Sorry, below is long, but I find it interesting…read at your own risk! This is more or less for my own entertainment, not sure if it would be practical commercially.
From number 5 of the above:
I would think that USB is problematic unless operating in isochronous mode. I am curious if this is the case? I think isochronous mode is the most difficult to work with on the Jetson side. Not so much due to USB (the Jetson would be in host mode, and it can work with isochronous), but because the Jetsons would probably have trouble consuming that much data with any sort of hard real time processing. I am guessing the biggest challenge is getting data into and out of the GPU without losing “frames” of data. The Audio Processing Engine (“APE”) uses a Cortex-R5 processor, which is good with hard real time, but memory transfer likely has no such ability to run with hard real time (there would be a need for a buffer and the buffer would harm latency).

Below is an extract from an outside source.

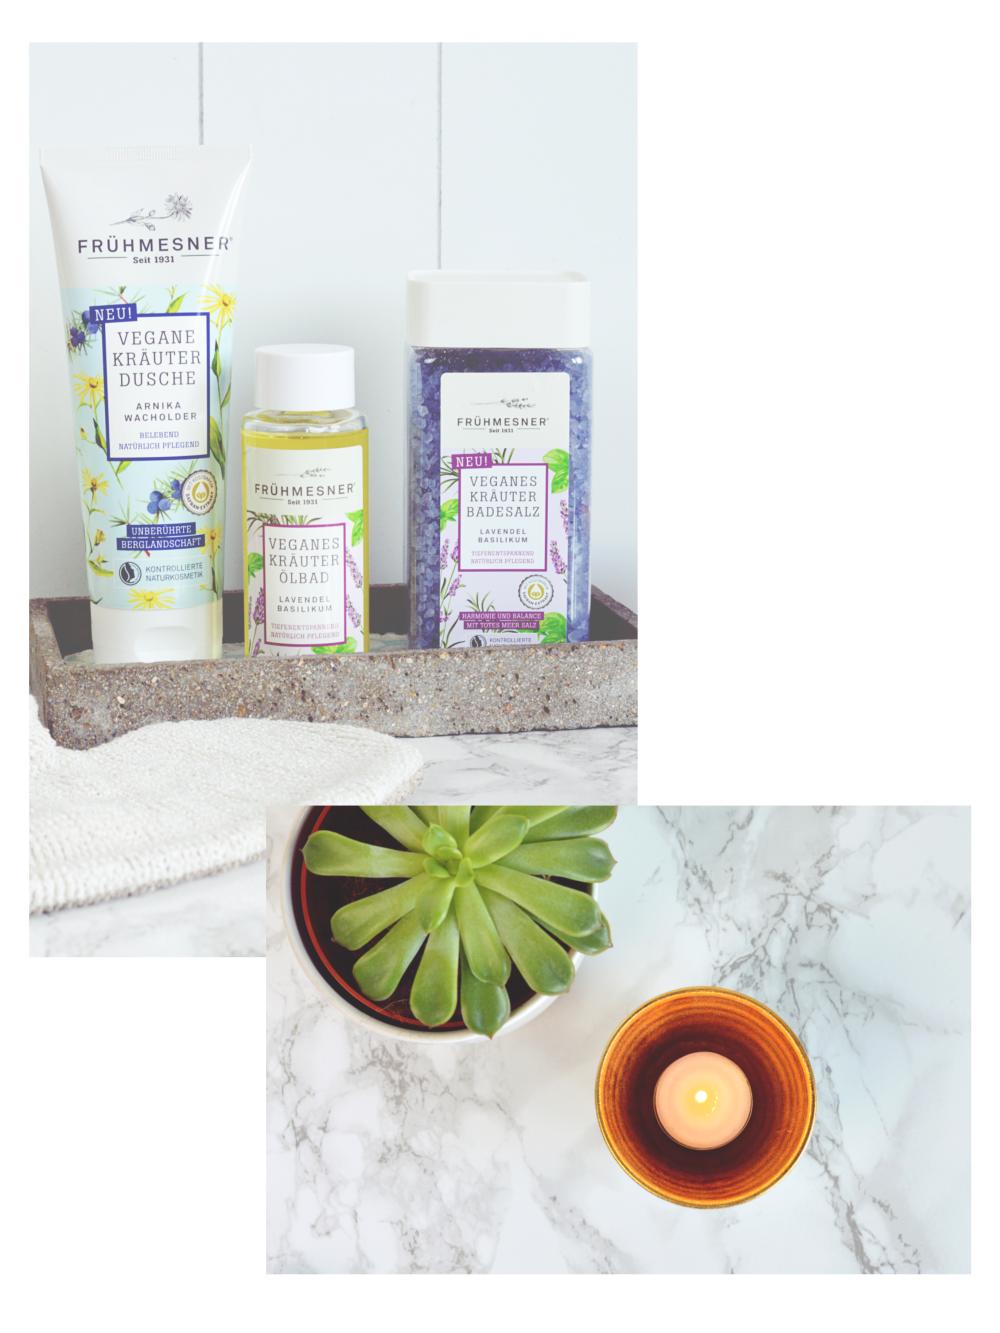 Vegane Produkte Home Spa mit Frühmesner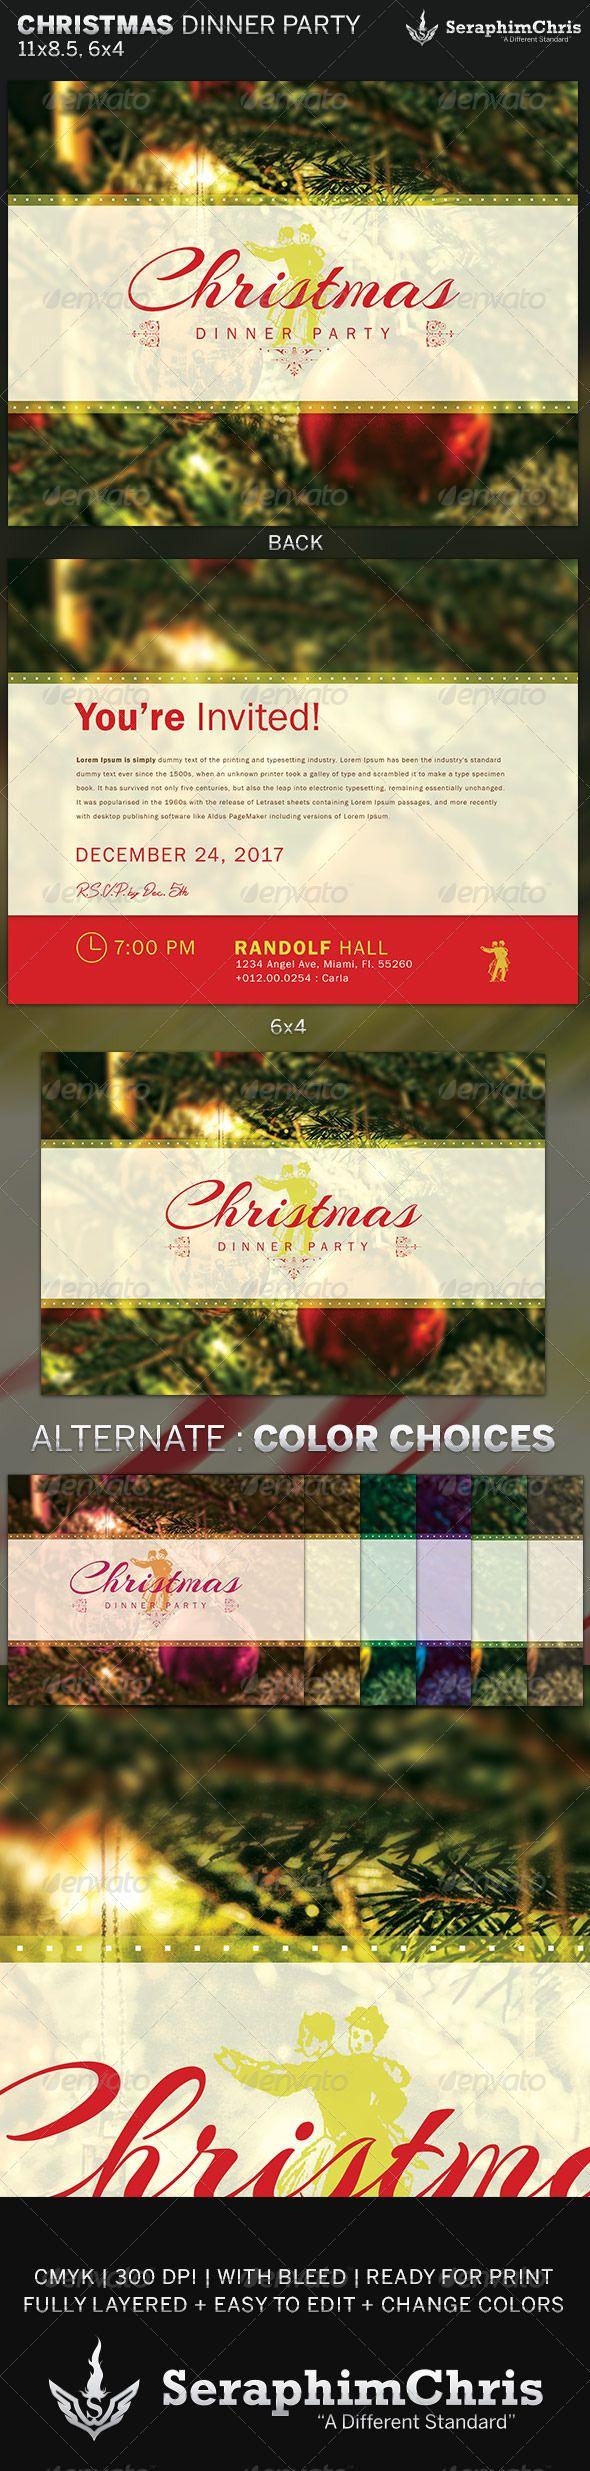 company christmas party invitation templates%0A Christmas Dinner Party Flyer Invite Template

From number 6 of the above:
In the case of an alarm which works via sampling what is essentially a set of resonant frequencies of a complex enclosed 3D shape one would not necessarily even care about something like road noise or people speaking. The idea there is to cause feedback at multiple frequencies “tuned” to the inside of the car’s “shape”, and to watch this with something like a Fourier transform. If the selected resonant frequencies change, then the shape has changed, and it is time for an alarm.
Unlike many alarms you could probably set up the software for arrays to be immune to things like other cars driving by (resonant frequencies would not change), or mice moving (a window of how much a resonant frequency is required for trigger), or a fan turning on (read a great story once about a mystery alarm that turned out to be going off whenever the fax machine ran in the middle of the night). Such a system would also be expandable to large buildings which is why this much complexity is of interest. Listening to multiple microphones would allow more complex resonant shapes to be monitored.

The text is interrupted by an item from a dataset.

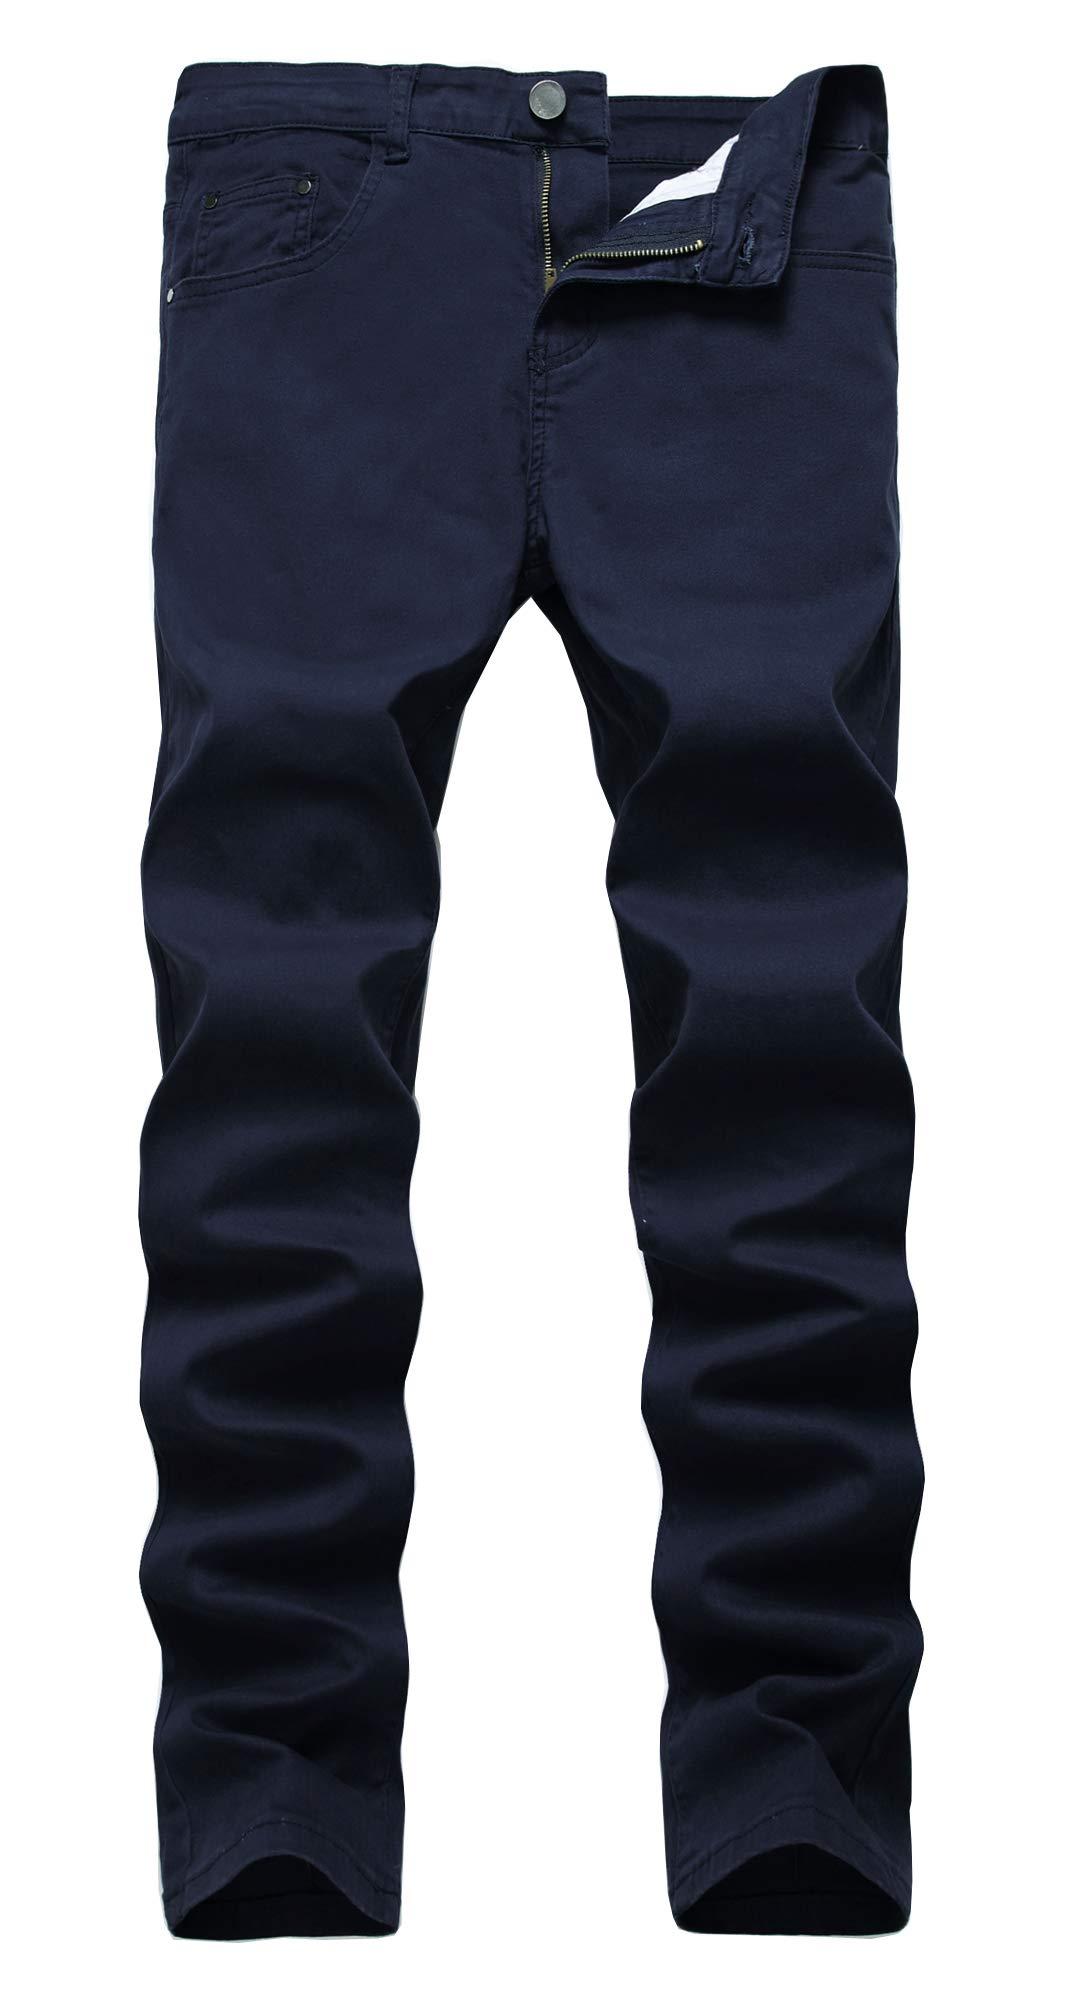 NITAGUT Men's Skinny Slim Fit Stretch Comfy Fashion Denim Jeans Pants (US 33, Dark Blue)

The part which is not obvious is that it isn’t just the total spectrum of key resonant components which matters, but also the timing of when a given spectrum is measured at different microphones. To illustrate, consider wearing stereo headphones. This works great for stereo positional audio when wearing headphones to listen. However, there are manufacturers of “surround sound” headphones. One would wonder how this would be possible and not just a gimmick when we have only two ears. Positional audio in headphones sort of works because certain tones which we want to “hear” with more directional information are given controlled delays…either to both left and right headphone, or to left versus right. This produces an illusion to the human listener of more directional information (microphone arrays produce an actual time delay if the same sound reaches a second microphone later than it reaches some other microphone).

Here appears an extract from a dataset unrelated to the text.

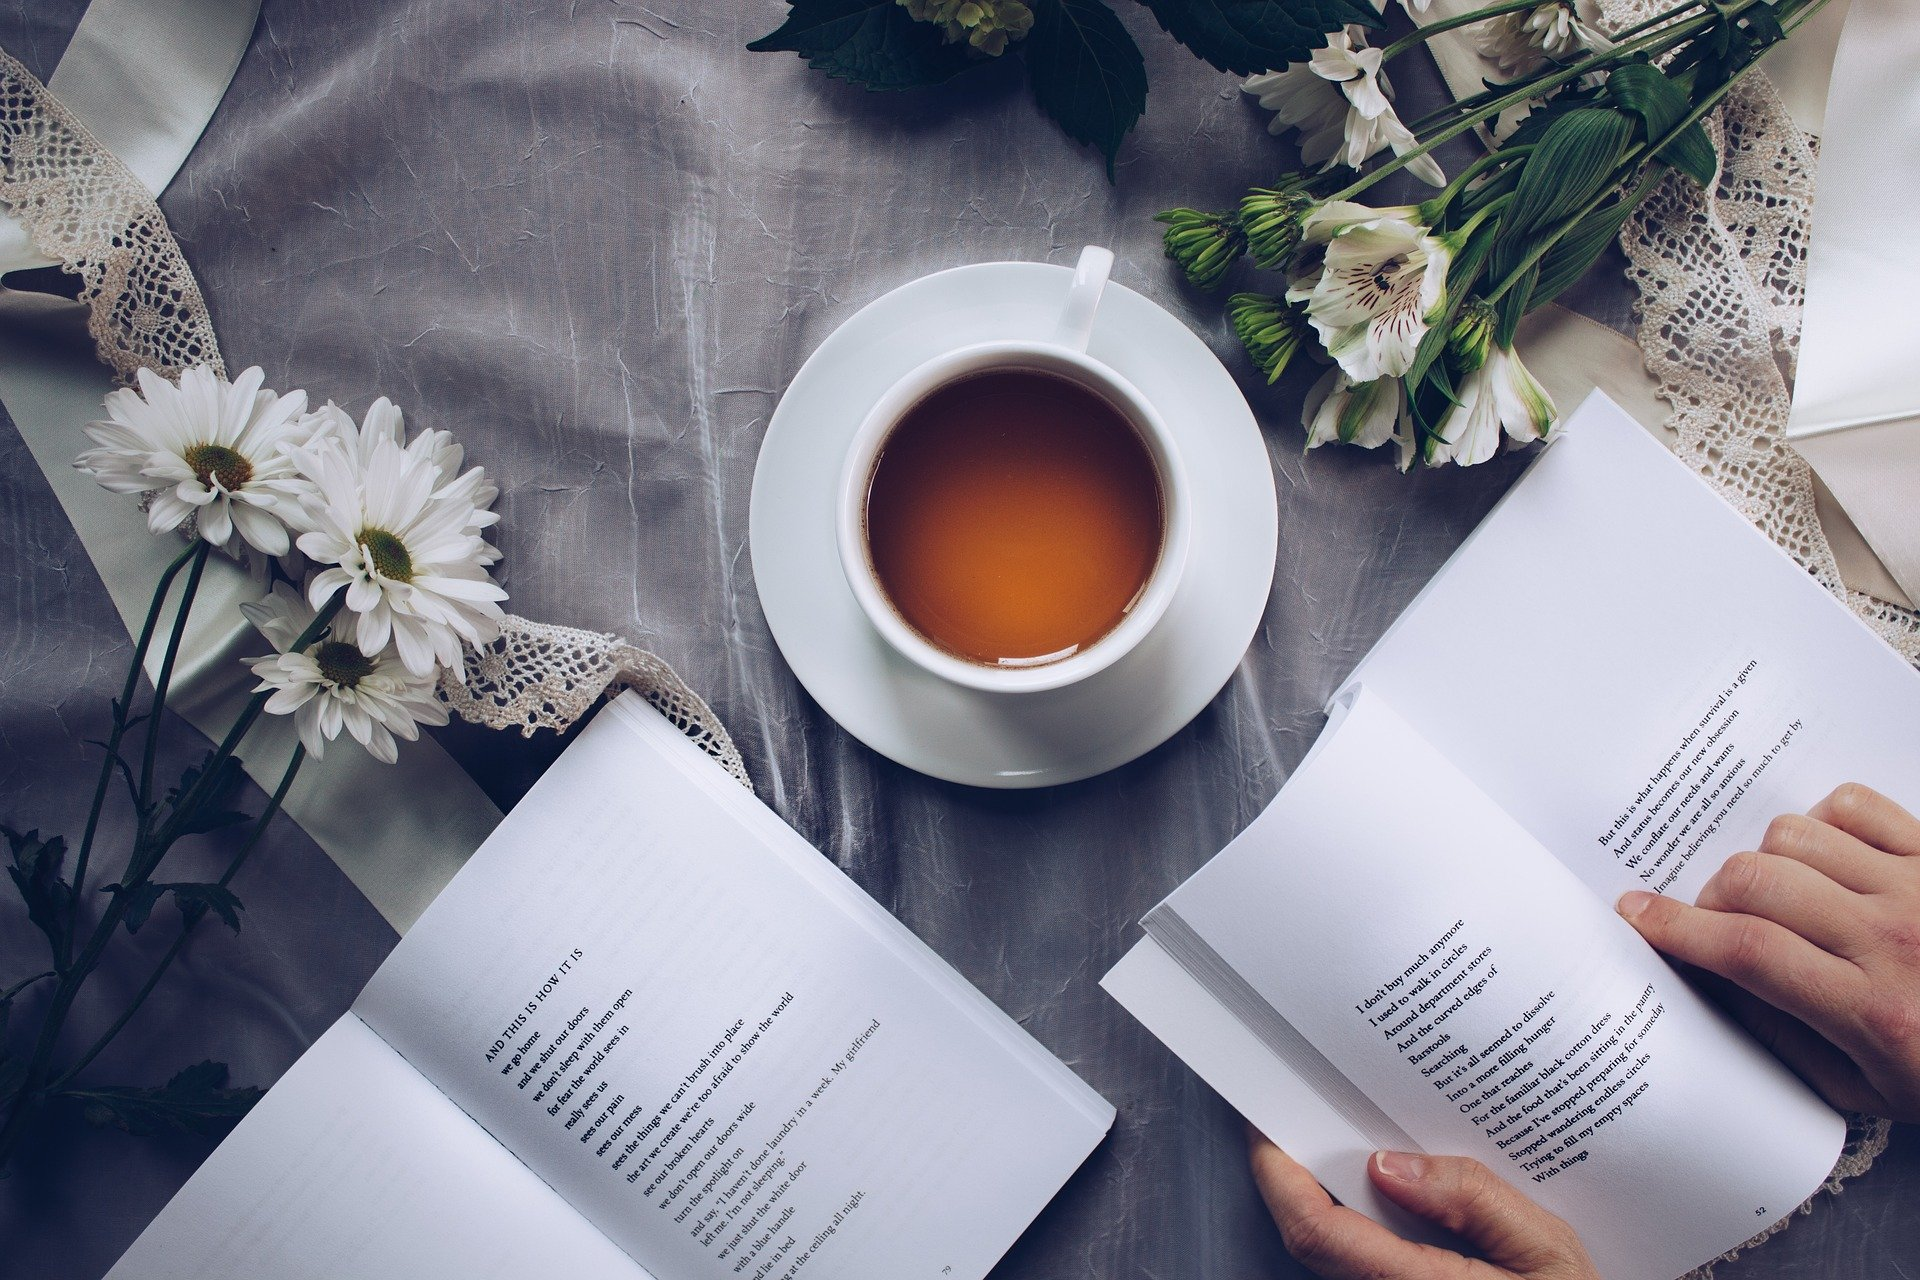 Te, blomster og bøger

I think if you were to try to check for multiple resonant frequencies in a complex enclosed space by audio, then timing of receiving a signal from different microphones at different locations would make for a much more reliable system (relative delays between microphones can also have a Fourier transform to treat time delays of similar audio into a set of discrete cosines…for an alarm it isn’t just about what the array receives, it is also about shifting of which microphone receives when). This sort of data works great in a GPU.
From number 8 above:
Just speculating, but I suspect that not only is the timing of various chambers of the heart being measured, but also the “shape” of how the muscle contracts like a wave over the muscle is being examined. To illustrate, if someone has had a heart attack in the past, then some part of the heart (muscle) has died and no longer contracts, but this is only part of any chamber in the heart. Knowing the timing of contractions of the heart is important, but knowing if the contraction is a smooth wave traveling over the heart, versus hearing some detail of a non-smooth contraction might give hints of muscle damage. An array might be able to determine that sort of defect, whereas a single microphone would not have that ability.